Posted Dec 19, 2011 05:10 pm CST
Two law professors are proposing a way to stop the growth in income inequality with a tax that would cap the income of the one percenters when inequities grow too large.
Law professors Ian Ayres of Yale and Aaron Edlin of the University of California at Berkeley outline their plan in a New York Times op-ed. “Specifically, we propose an automatic extra tax on the income of the top 1 percent of earners—a tax that would limit the after-tax incomes of this club to 36 times the median household income,” they write.
In 1980, the average one percenter made 12.5 times the median income, they say. In 2006, the average one percenter made 36 times the median income. Ayres and Edlin believe the ratio has reached the “tipping point” where democracy may be undermined. They cite Justice Louis Brandeis, who warned of concentrated wealth when he joined the Supreme Court in 1916. “We believe that we have reached the Brandeis tipping point,” they say.

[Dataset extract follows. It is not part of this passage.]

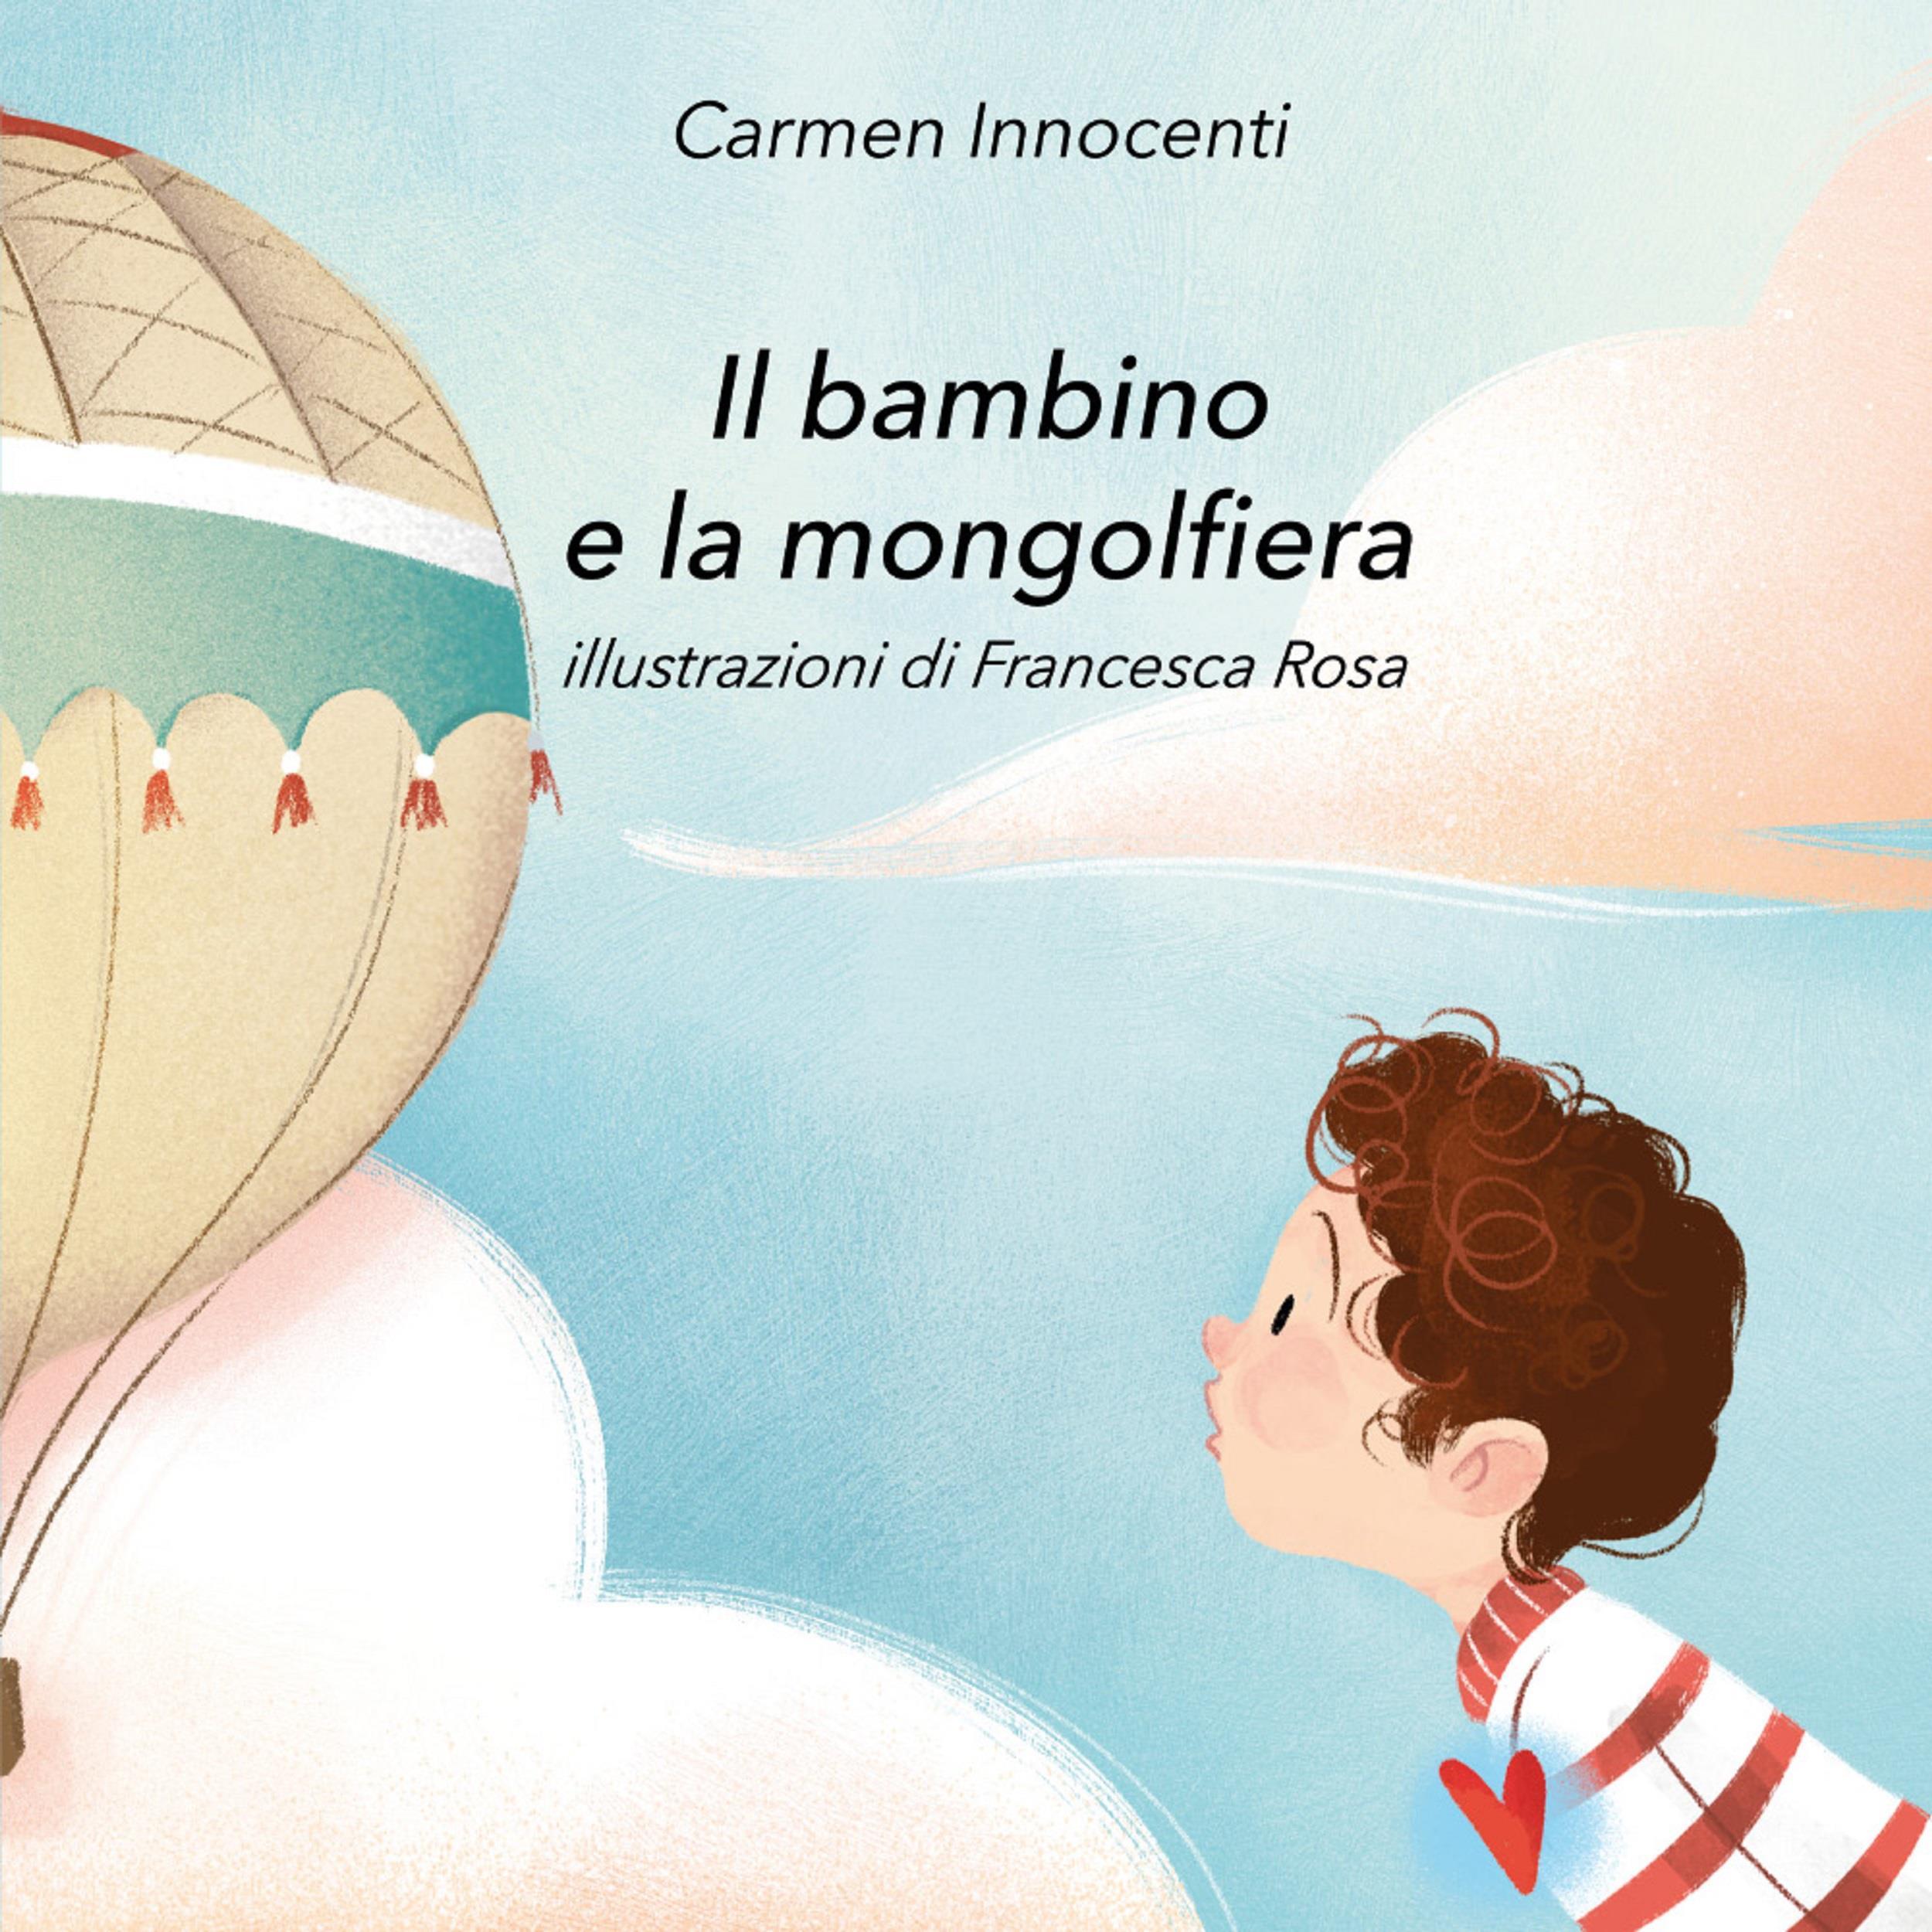 Il bambino e la mongolfiera - La mamma e la mongolfiera
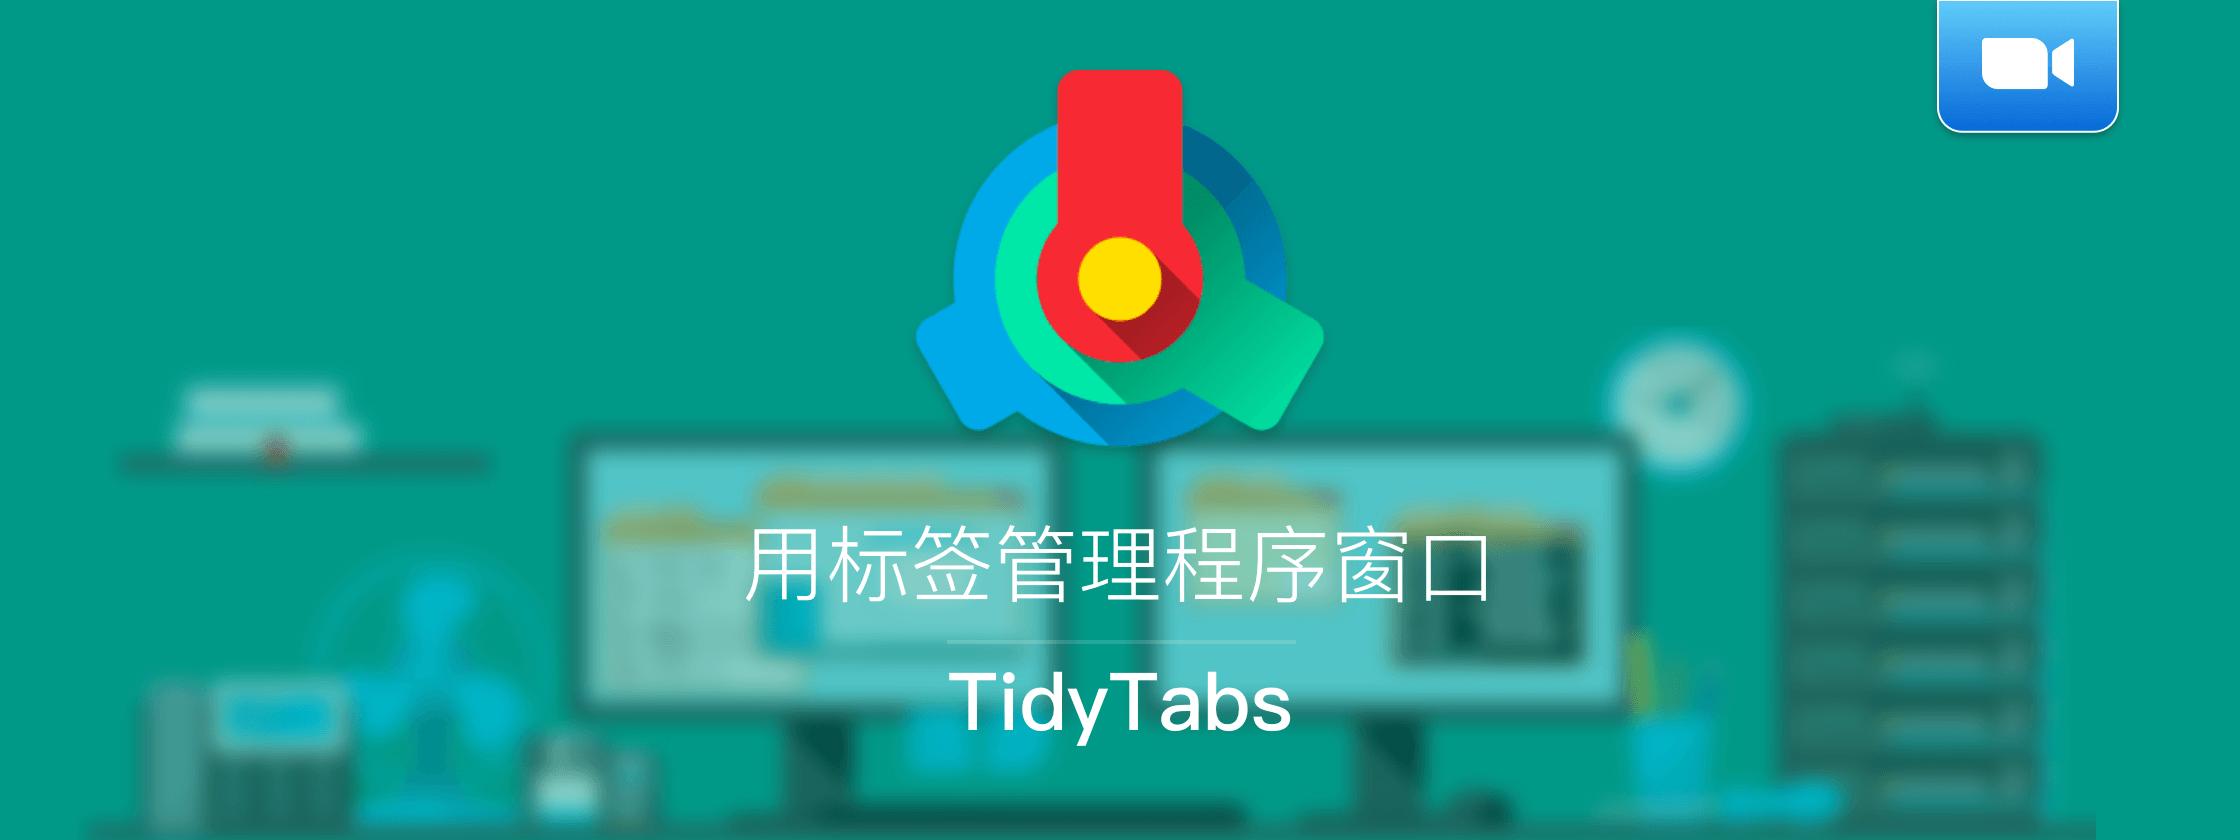 【视频】带你了解窗口管理工具 TidyTabs

“Here’s how the tax would work,” they write. “Once a year, the Internal Revenue Service would calculate the Brandeis ratio of the previous year. If the average 1-percenter made more than 36 times the income of the median American household, then the IRS would create a new tax bracket for the highest 1 percent of income and calculate a marginal income tax rate for that bracket sufficient to reduce the after-tax Brandeis ratio to 36. This new tax, if triggered, would apply only to income in excess of the poorest 1-percenter—currently about $330,000 per year.”
In their view, the tax would provide an incentive to keep median U.S. income high through trickle down corporate wealth. “The sky is the limit for the rich as long as the ‘rising tide lifts all boats,’ ” they write.